Lent: Underdog God


Outside of the Peanuts comic/cartoon, no creative work has influenced me as much as the Underdog cartoon. Oh, maybe Jimi Hendrix. I watched Underdog when it was on television before syndication. During the 1960's as a child, Underdog had a profound influence on my psyche. The underdog archetype is powerful. In storytelling and myth, the underdog theme resonates deeply in the human soul. Films like "The Blind Side" come out a playbook well-established in cultures universally, but particularly salient in America "rags to riches" Horatio Alger themes.

I just received the complete DVD series of Underdog. I ordered it back in October while in production.  I wanted to make sure I had a chance to get this in my library. The best way to preserve such works is to lay down the dollars...money votes. I find it interesting that General Mills was behind the series. I have no preference for its breakfast cereals. In fact, I don't eat cereal at all because it is a giant waste of money. When I do eat grains for breakfast, it is either bread or oatmeal. So much for consumptive conditioning by commercials.

For Lent, I will be serving up themes on Christ's sufferings as part of the redemptive story of Scripture. Suffering is sanctified by Christ's work. Ponder the significant paradox of God in Christ being the underdog. When He used his powers of Deity, it was to defend others. He laid down the prerogatives of power in terms of his own person. Indeed, the Creator became subject to the Creation, and Creation was cruel. In a Darwinian existence, the "Survival of the Fittest," how can God die? Why would He choose to place Himself in that position willingly? For crimes He did not commit? Love.
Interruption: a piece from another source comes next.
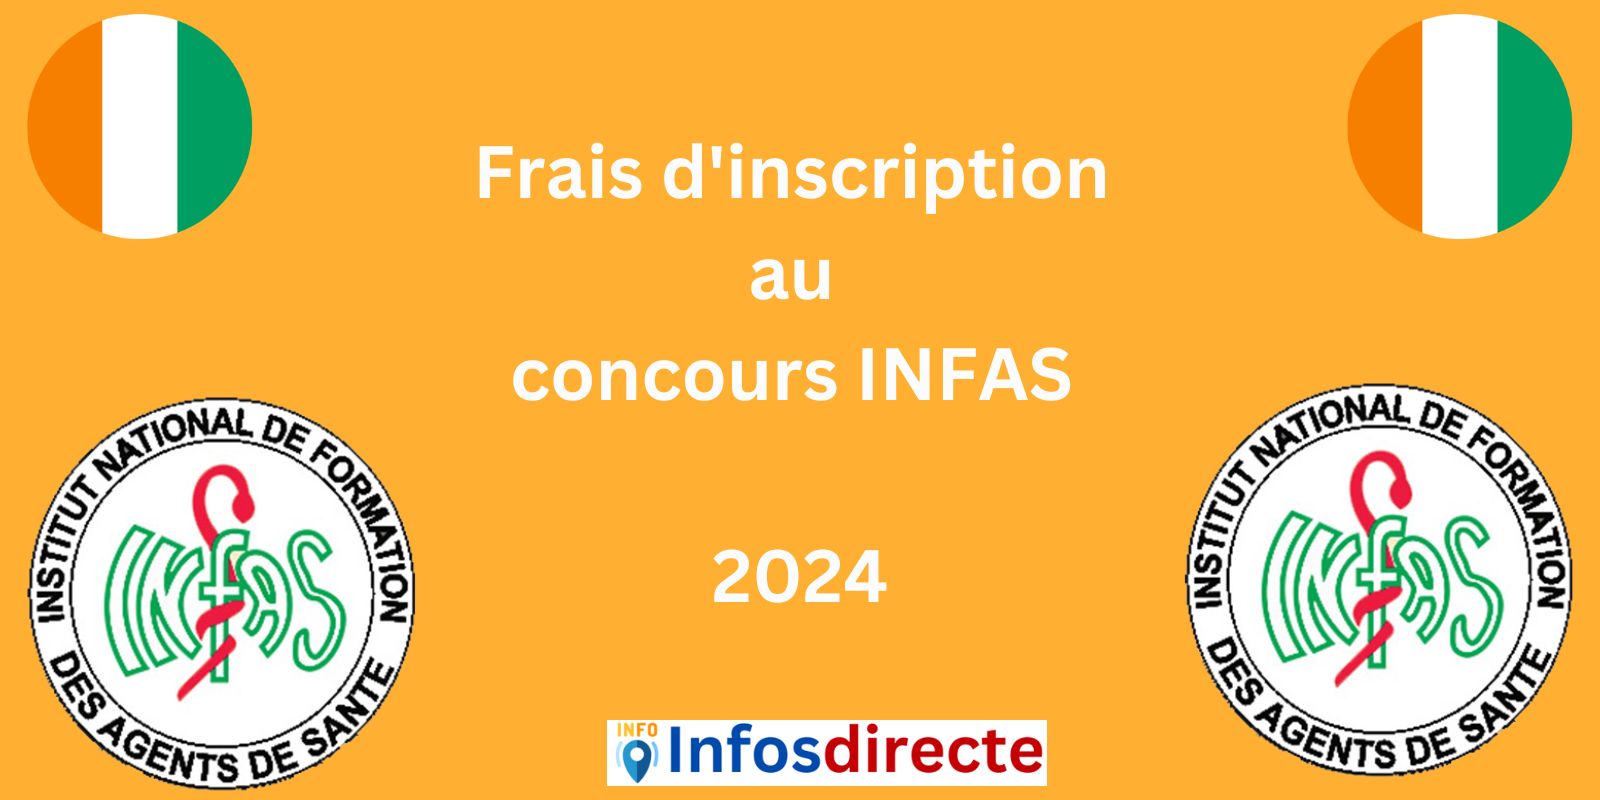 frais d'inscription au concours INFAS 2024

Love transcends self-preservation. I have heard ardent Evolutionists argue incessantly about the "selfish gene" theory of altruism. It does not wash, cannot wash. Any one who lays down His life has gone beyond mere biology, no matter the theories shrouded in technical jargon. The theory has no clothes..bare and butt-naked. For such posturing is truly asinine and seriously downplays the moral courage its takes to suffer and die on behalf of others as an innocent.

Christ, our suffering servant, our God with wounds.